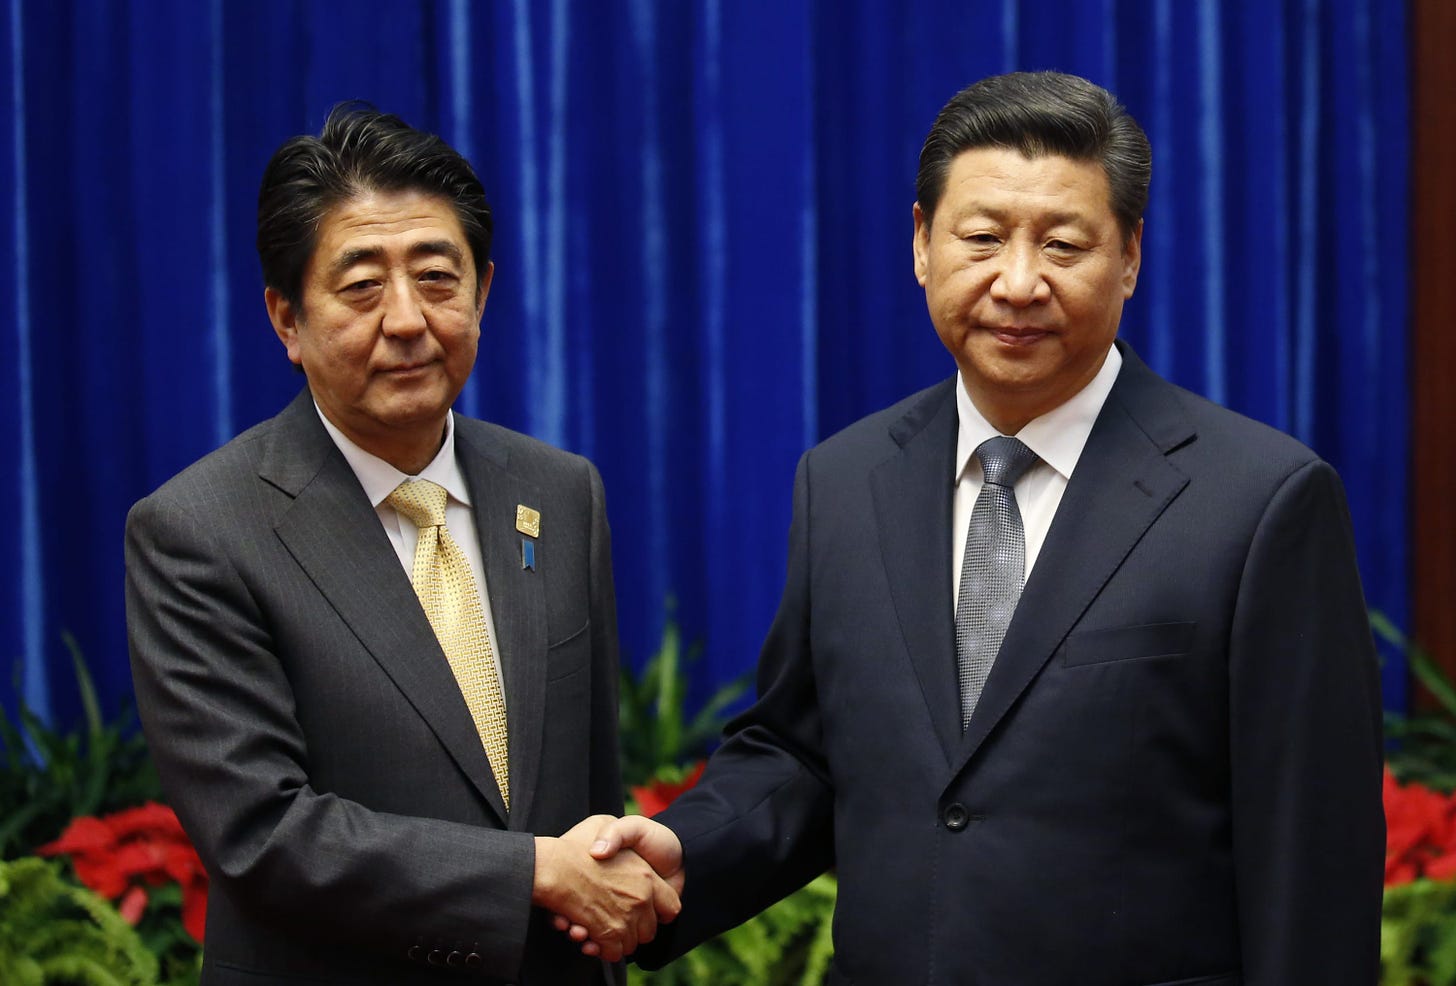 Abe & Xi: From handshake to highfive?
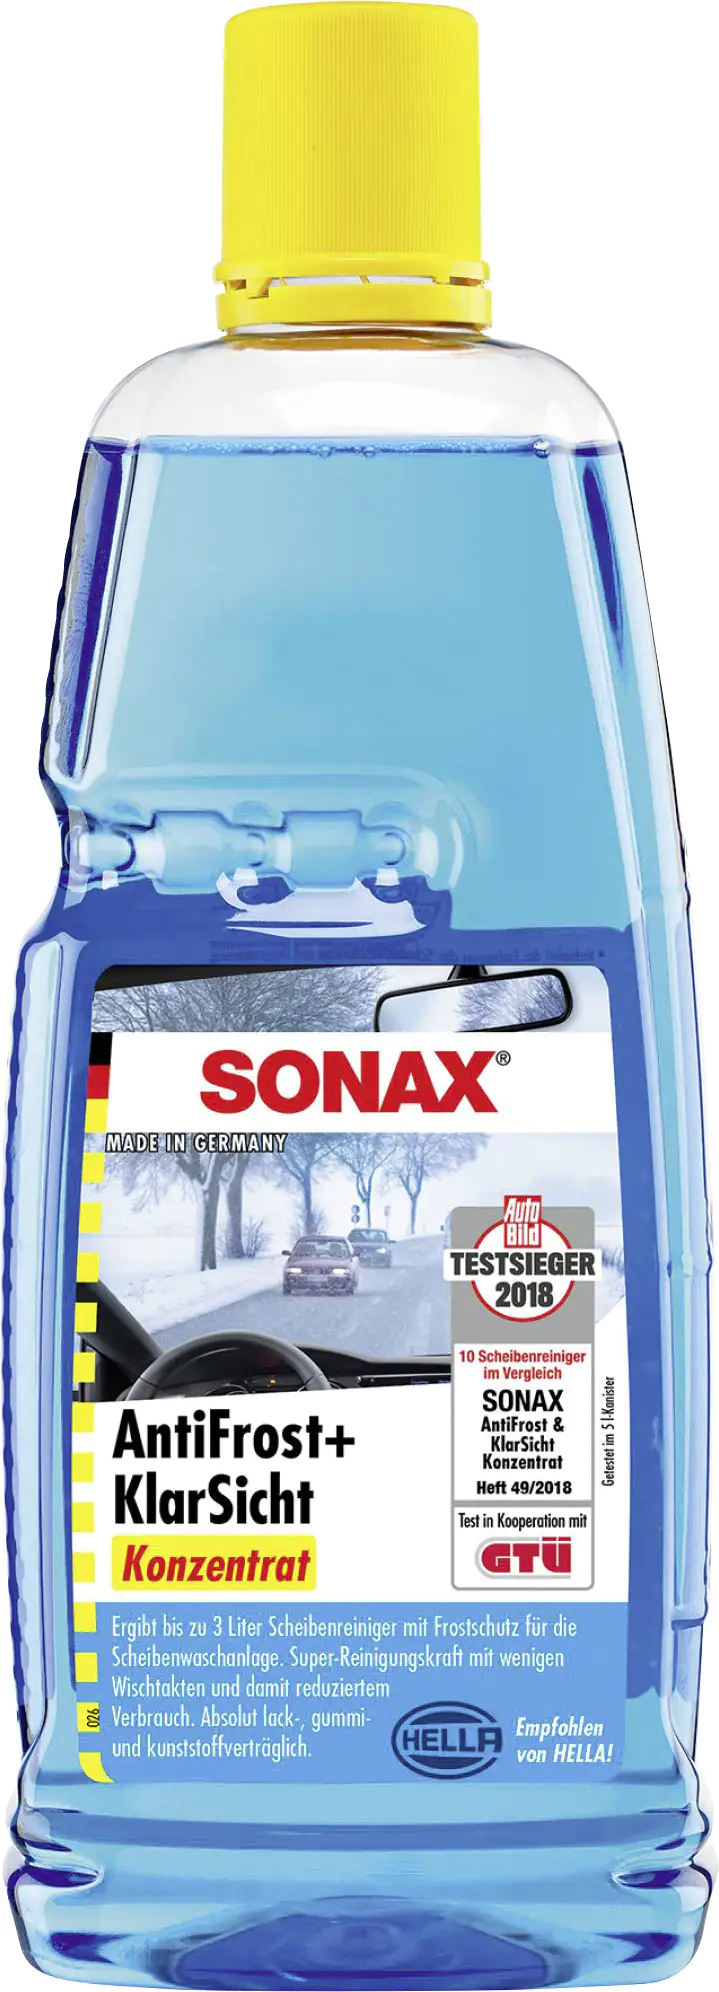 Sonax Scheibenreiniger Antifrost + Klarsicht bis -30°C Konzentrat
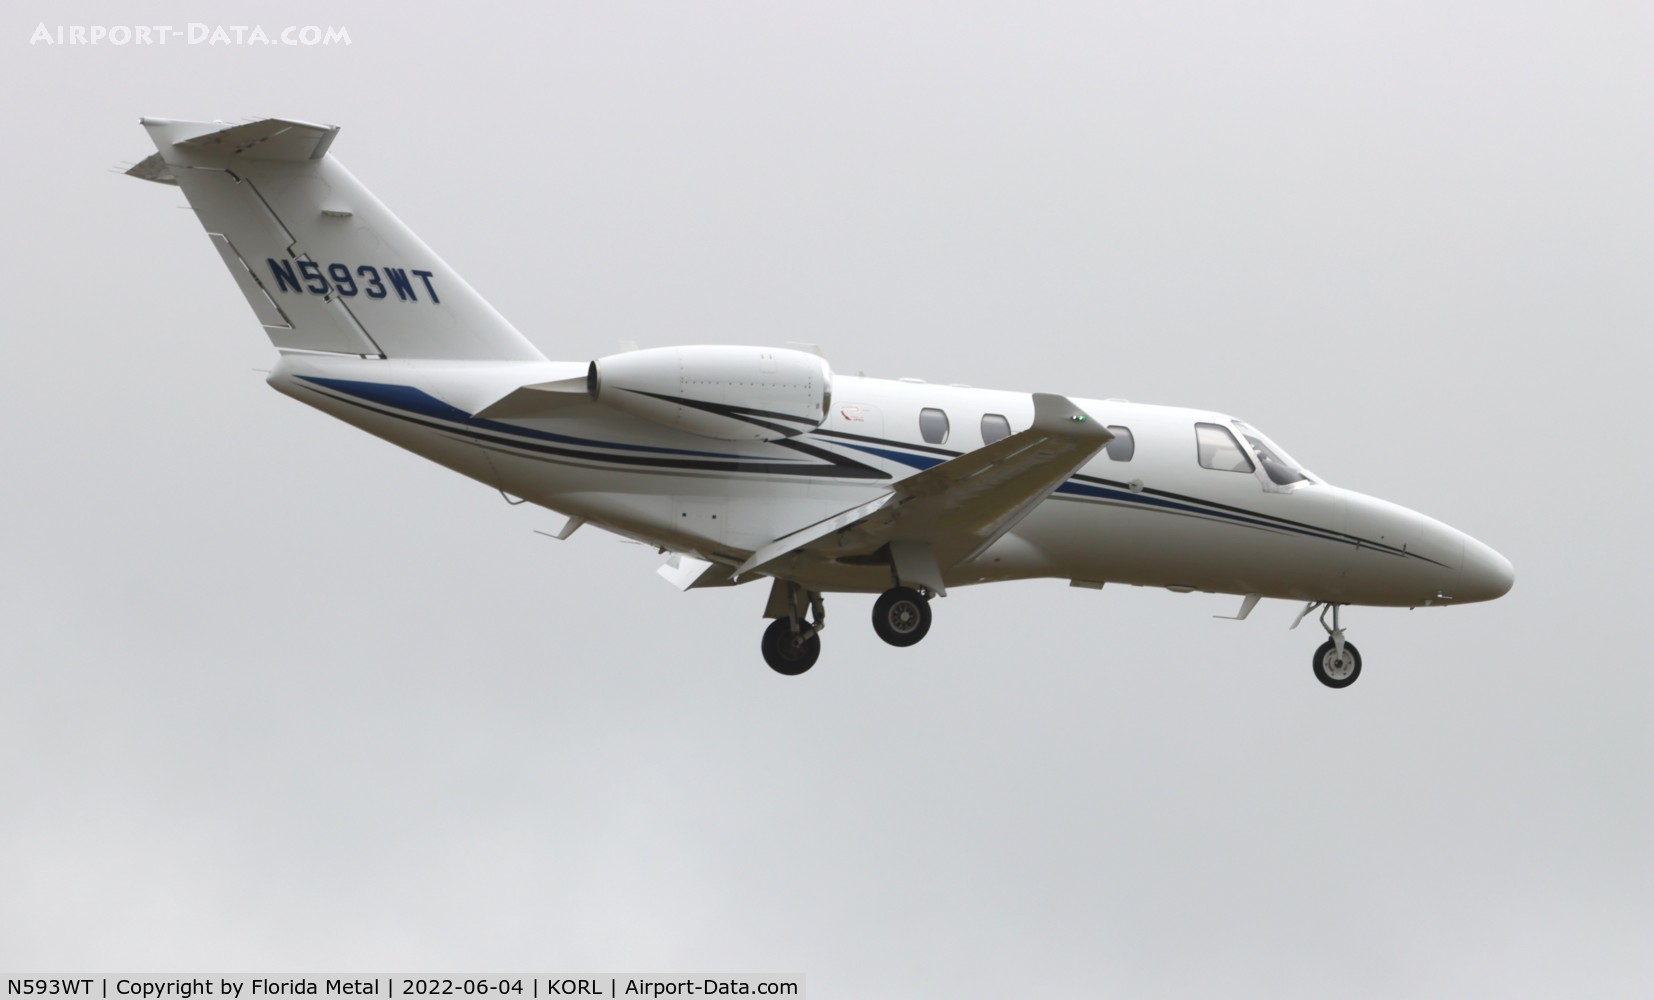 N593WT, 2014 Cessna 525 Citation M2 C/N 525-0839, Citation M2
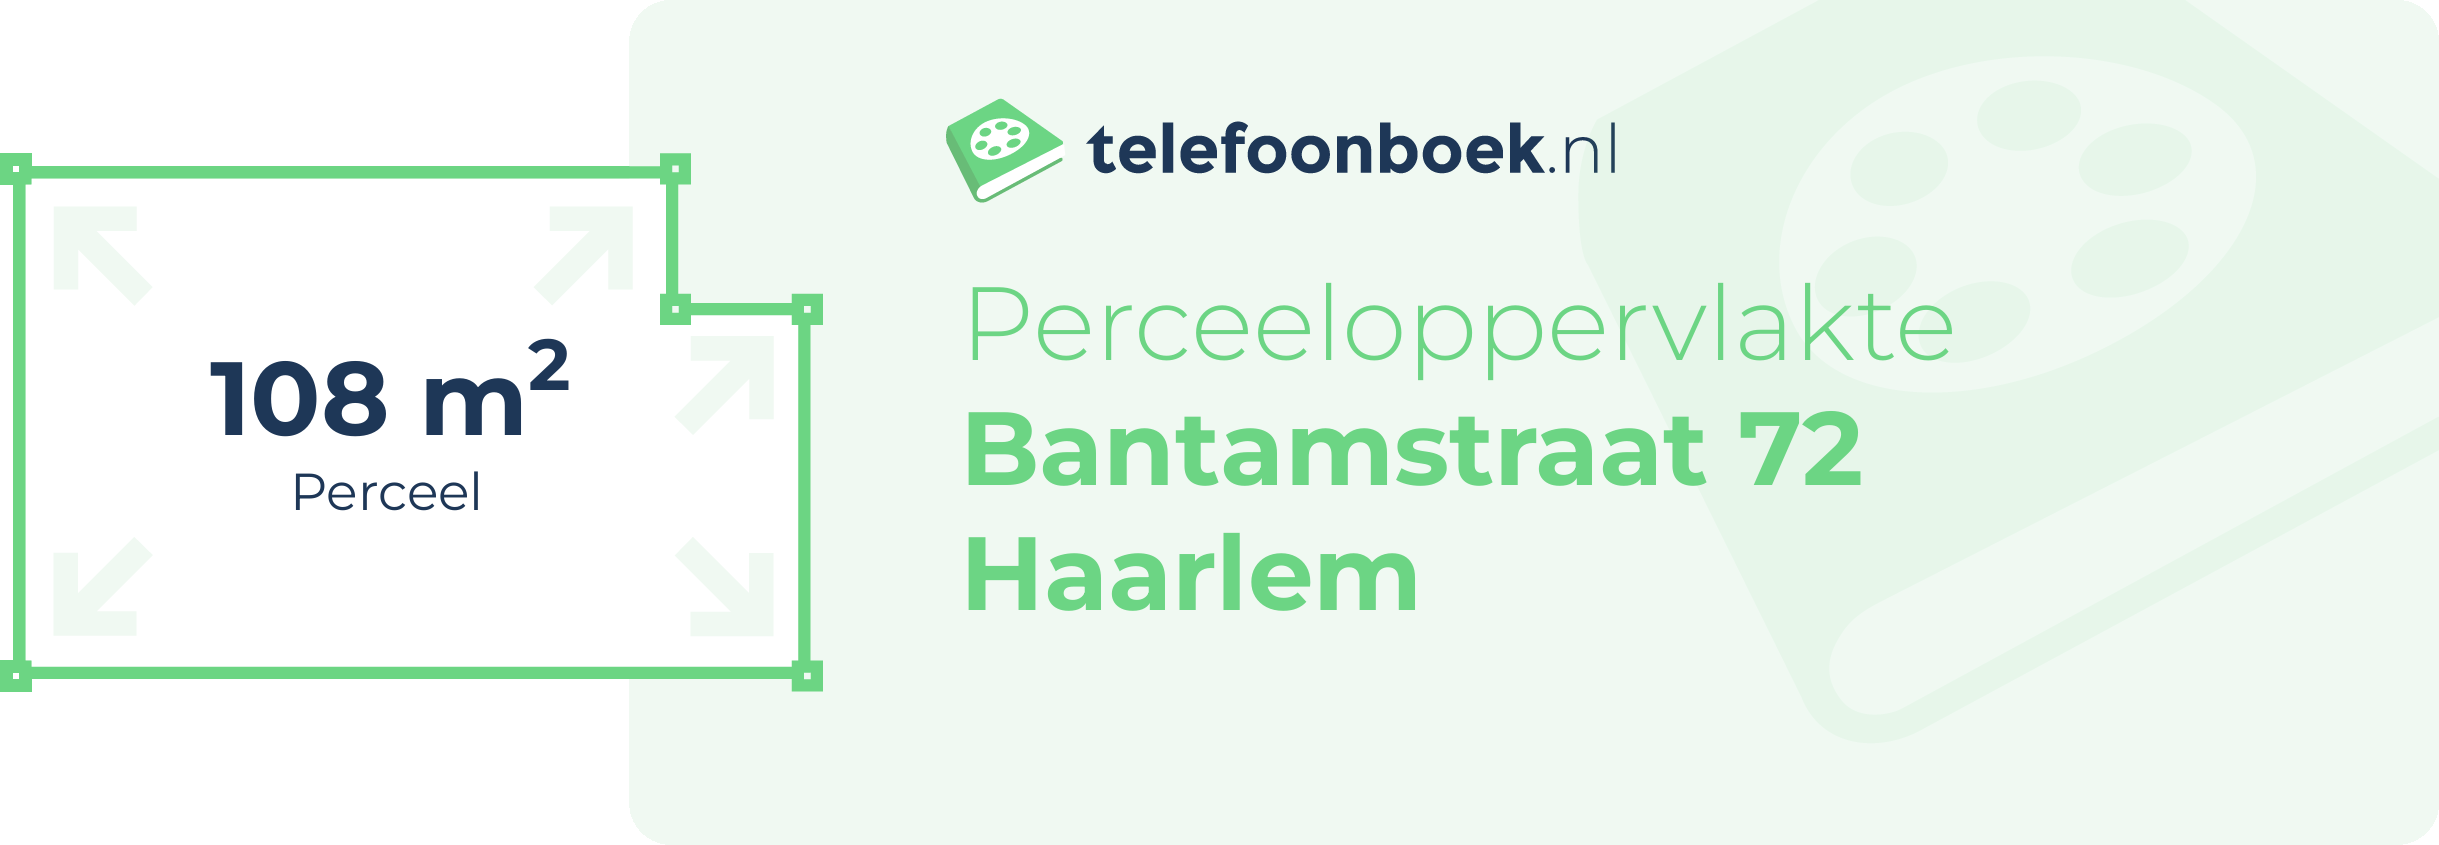 Perceeloppervlakte Bantamstraat 72 Haarlem
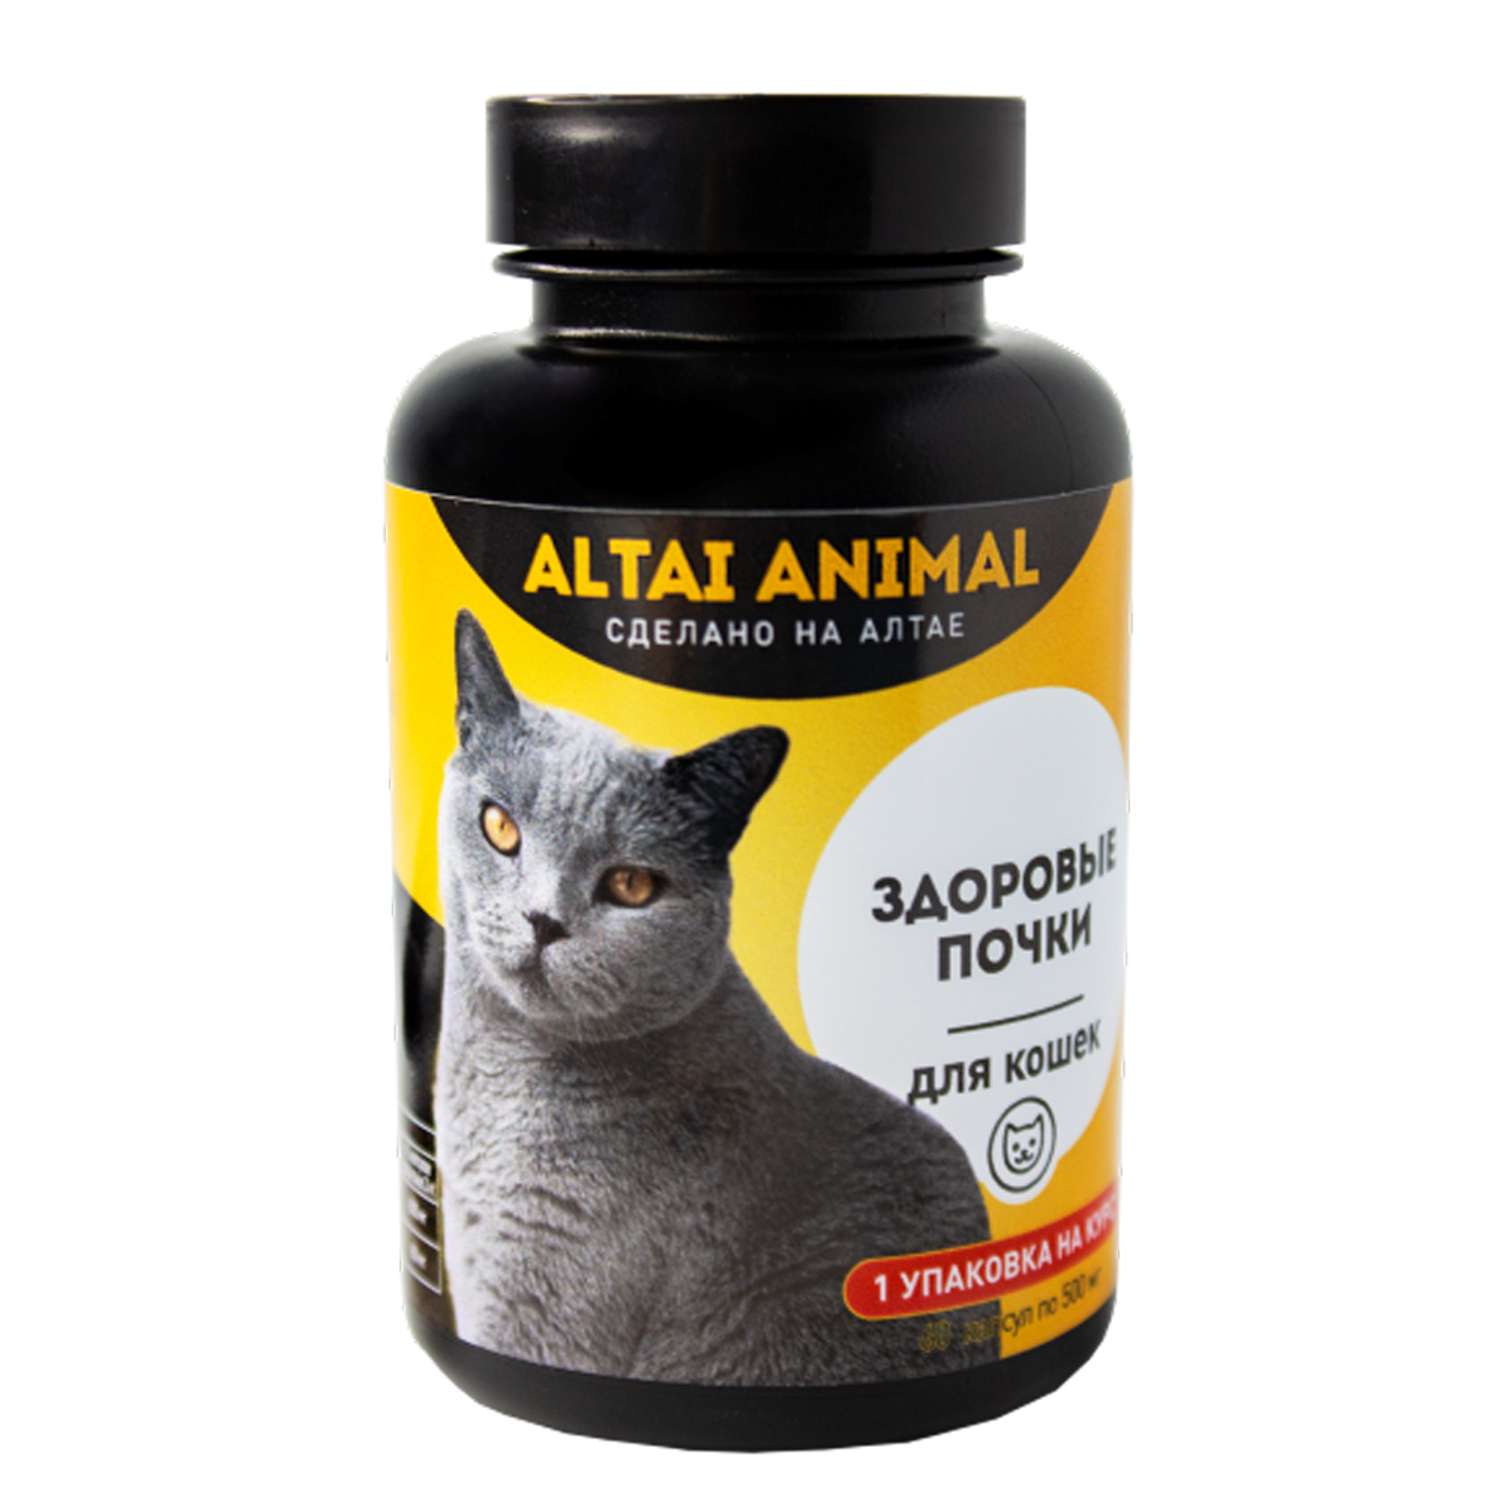 Витаминный комплекс ALTAI ANIMAL для кошек Здоровые почки - фото 1

▸ **Activity**: Once you find the line containing "Perceeloppervlakte Bantamstraat 72 Haarlem", transcribe it and each line after it to the end of the records exactly, and leave out the pictures.

▸ **Problem solution**:
 Perceeloppervlakte Bantamstraat 72 Haarlem
 Витаминный комплекс ALTAI ANIMAL для кошек Здоровые почки - фото 1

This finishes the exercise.